Because of my HPC background, the first thing that comes to my mind was how can I distribute the computation across multiple cores. But some more careful thought, this is actually not the best way to parallelize the algorithm. Unlike a typical distributed workload that nodes only communicate at some interface (e.g. if we are simulating a 3D turbulence simulation, the nearby block only talk to each other through their interface.), every newly inserted point essentially need to query the entire graph to figure out where the insertion should be and how to make the new neighbor. Communication cost is usually the biggest overhead in distributed workload, and one can guess distributing a big graph will be an absolute nightmare. So instead of thinking along the line of distributing and communicating, I went the route of staying in one node and multi-threading within a unifed memory environment.

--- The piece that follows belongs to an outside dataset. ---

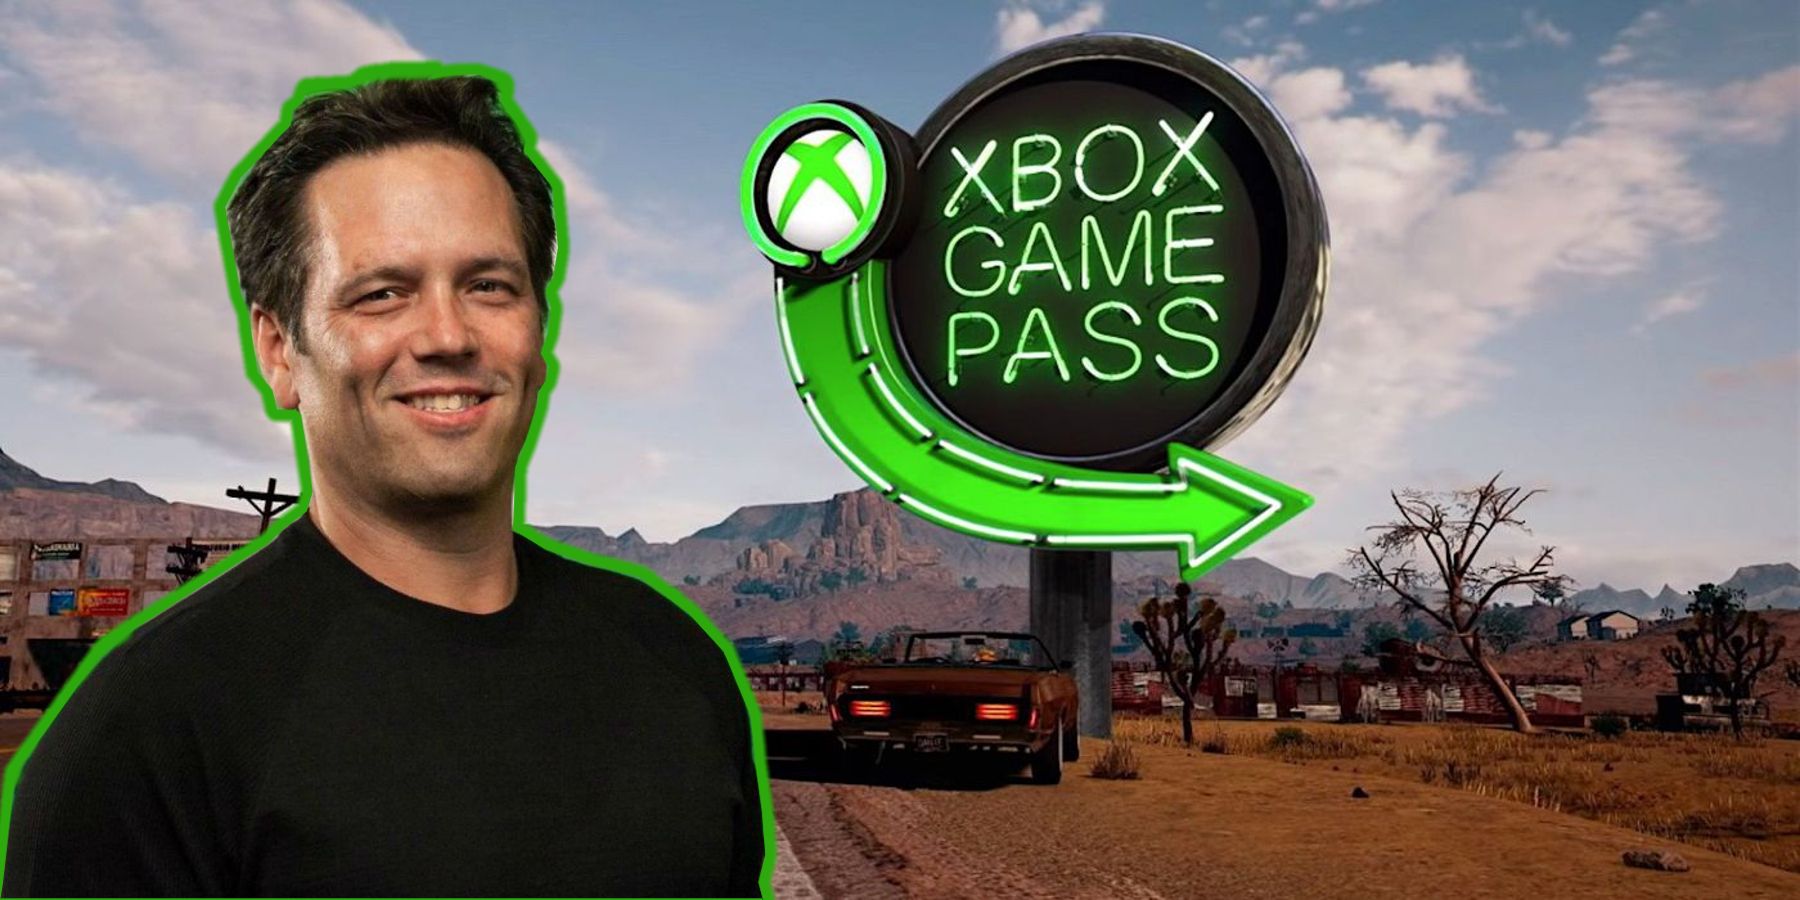 Game Pass and Xbox are profitable, Phil Spencer reiterates

Julia has pretty good out-of-the-box threading support. For example, let say I want to turn

```
Threads.@threads for i in 1:length(vertex)
updates[i] = make_update(...)
end
```

A combination of the race condition and the garbage collector makes it quite hard to push for maximum performance in Julia. For example, the most expensive part of the algorithm is computing the circumsphere of a simplex, which ideally I would want to parallel that part as much as possible.

The problem is not all vertices can be inserted at once because of insertion conflicts. The next best thing I can do is to divide them in batches, with each batch contains only points that are not in conflict with each other, then I can at least parallelize inside each batch. The processing speed of each batch is limited by the slowest update within each batch, since we have to wait until the last update finishes before starting the next batch to avoid conflicts. Now if every updates within a batch takes about the same time to process, this would not be a big problem. However, the garbage collector seems to like to kick in once in a while and slow down that one particular updates a lot, meaning the runtime is actually domainated by the garbage collector. This is basically the nail in the coffin that makes me rage switch to rust.

As of writing this paragraph, I actually made the rust version scales amazingly. I am so happy that I switched to rust, and I have become a rust zealot. I will make another blog post going through my experience in refactoring my julia code into rust, and how amazing that experience was.